***** Data excerpts *****

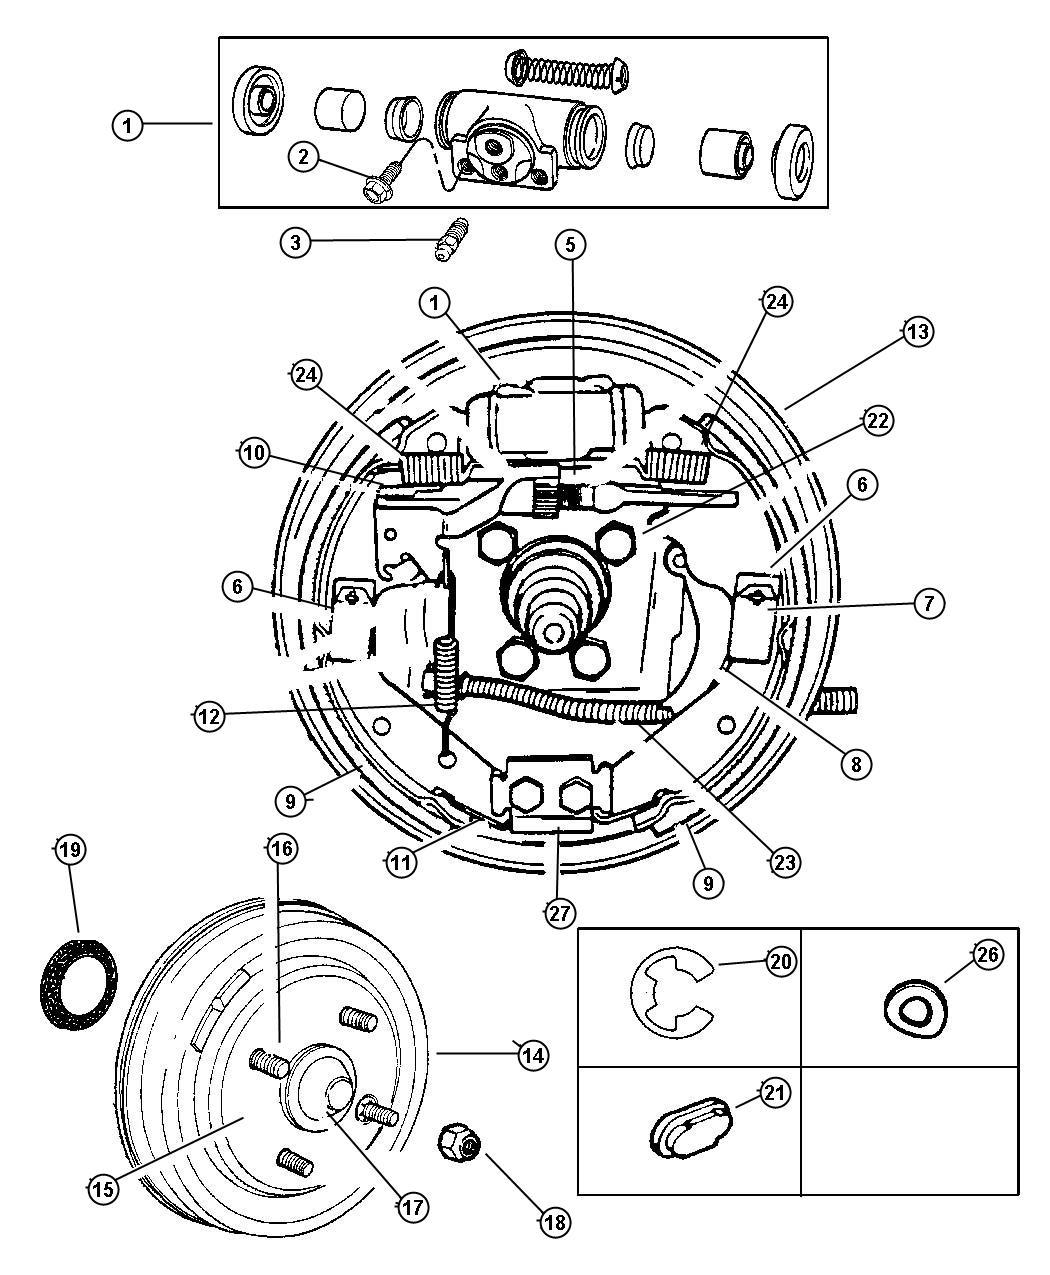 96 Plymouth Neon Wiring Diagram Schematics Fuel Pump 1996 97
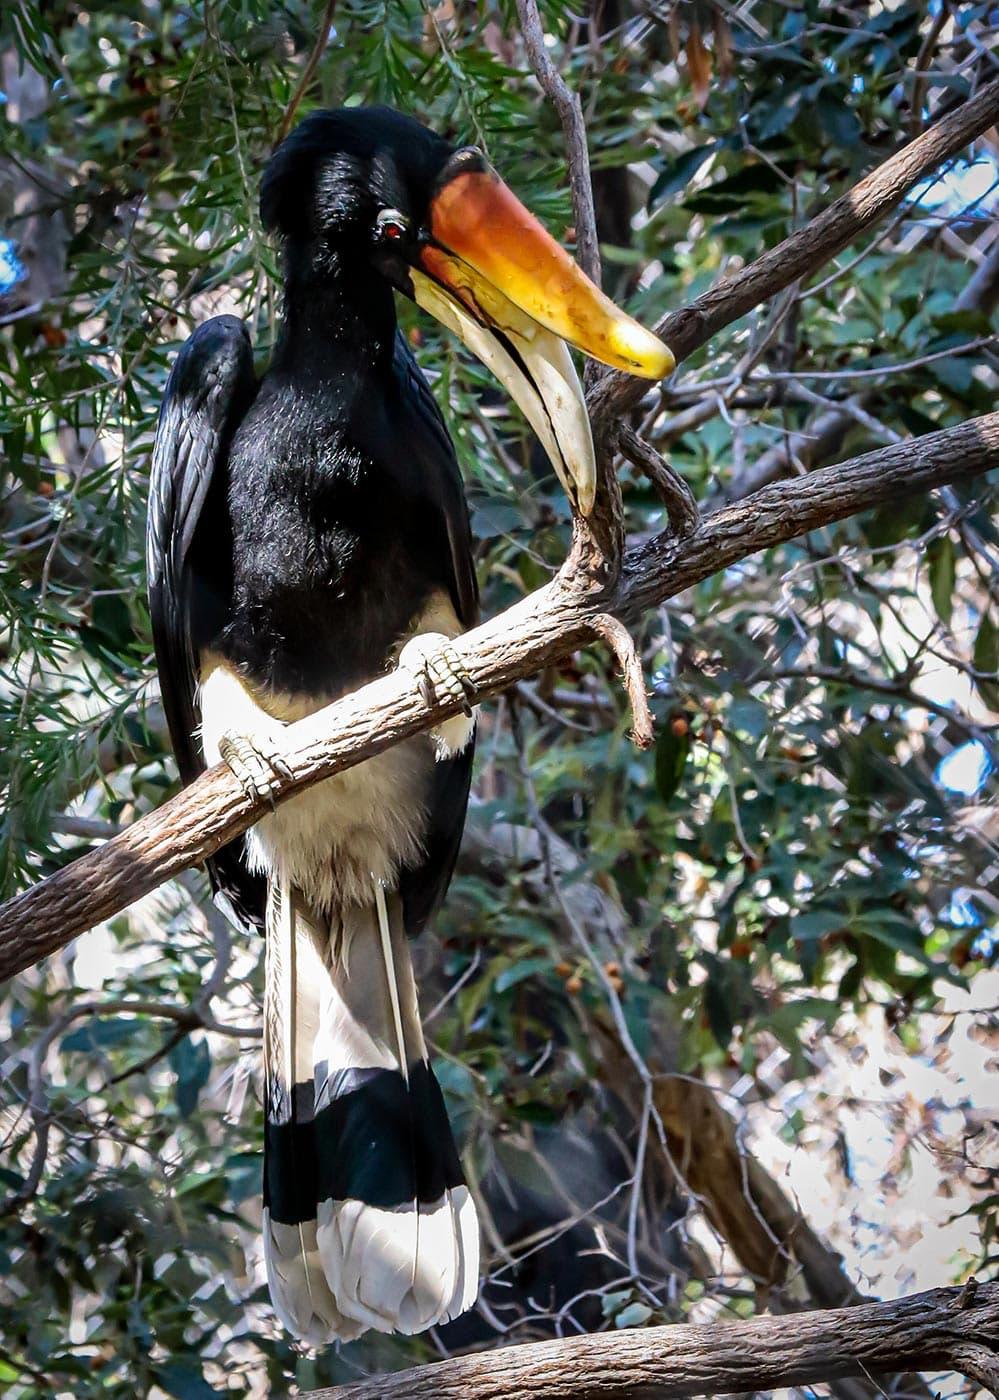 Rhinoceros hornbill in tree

*****
***** Data excerpts *****

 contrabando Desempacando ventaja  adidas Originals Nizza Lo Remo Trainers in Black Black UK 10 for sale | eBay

*****

Goal of the exercise = Your reply is to be an exact repeat of the listing above from the line holding "96 Plymouth Neon" down to the line holding "Rhinoceros hornbill in tree", ends included, pictures excluded.

Response to the task =
 96 Plymouth Neon Wiring Diagram Schematics Fuel Pump 1996 97
 Rhinoceros hornbill in tree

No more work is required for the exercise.